Non lo esonerano, non vi preoccupate!


----------



## dyablo65 (7 Marzo 2015)

se non lo esonerano sono peggio di taffazzi...


----------



## markjordan (7 Marzo 2015)

due mesi dai solo due mesi
ce la faro'


----------



## odio23 (7 Marzo 2015)

guadagnato 1 punto per la lotta salveza


----------



## Jaqen (7 Marzo 2015)

Sarà arrabbiato per il pareggio, niente di che. Non lo esonerano


----------



## Chrissonero (7 Marzo 2015)

Dany20 ha scritto:


> Che poi anche nell'intelligenza di Inzaghi togliere Pazzini per mettere un difensore per difendere il vantaggio contro l'Hellas Verona. Una vergogna.
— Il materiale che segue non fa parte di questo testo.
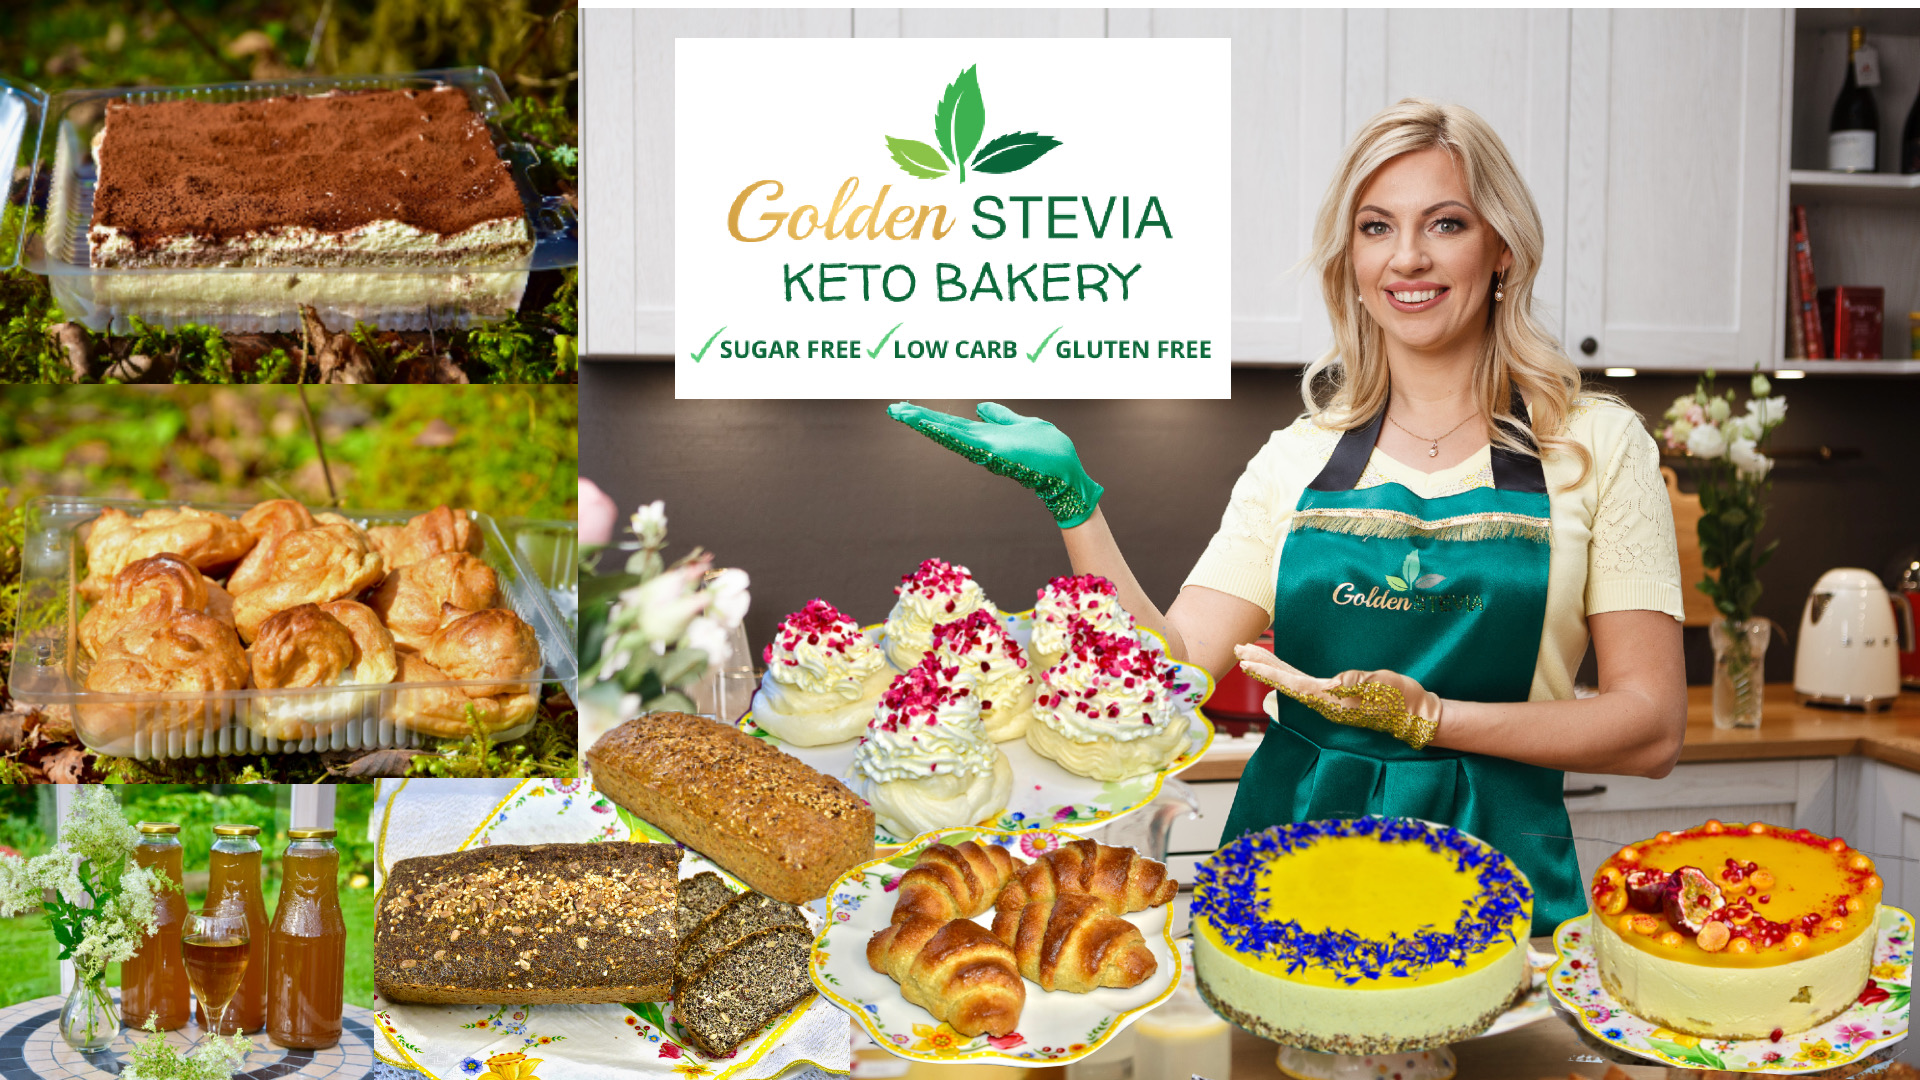 Annika Urm opens online Golden Stevia Keto Bakery, Sugar free, Gluten free, low carb

signor Inzagui: per carita e rispetto ci faccia il favore di andarsene!!! 

Lopez 5.1
Bonera 4
Paletta 4
Mexes 5.5
Antonelli 5.1
Muntari 1
Poli 3
Jack 5.2
Menez 3
Cerci 2
Pazzini 2.5


----------



## folletto (7 Marzo 2015)

Ma cosa sta dicendo? Questo è pazzo da legare 

"ho fatto questa scelta perché aveva preso la traversa Taksidis"


----------



## gheorghehagi (7 Marzo 2015)

D.Lopez 5 due tiri due goal...
Bonera 4 crisi infinita
Paletta 6 solo, senza punti di riferimento in una difesa groviera
Mexes 6 ...o l'imprevedibile virtù dell'ignoranza
Antonelli 5,5 
Poli 4 scuola samp...e si vede
Muntari 2 catastrofico
Bonaventura 6 spaesato, intermittente
Menez 5,5 tanta buona volontà discrete giocate, ma obiettivamente inutile...narciso
Cerci s.v. buttare la palla avanti e iniziare a correre...questo è il mio gioco...
Pazzini 4 vedi poli
Honda s.v. entra per rallentare il gioco...mishi mishi
Bocchetti s.v. 
Inzaghi s.v. mentalità da perdente, come del resto tutta la squadra...provinciale


----------



## Roten1896 (7 Marzo 2015)

Potrei dire che con quel gol al 95' abbiamo toccato il fondo, ma ho idea che con Fiorentina e Inter potrebbe andare ancora molto peggio.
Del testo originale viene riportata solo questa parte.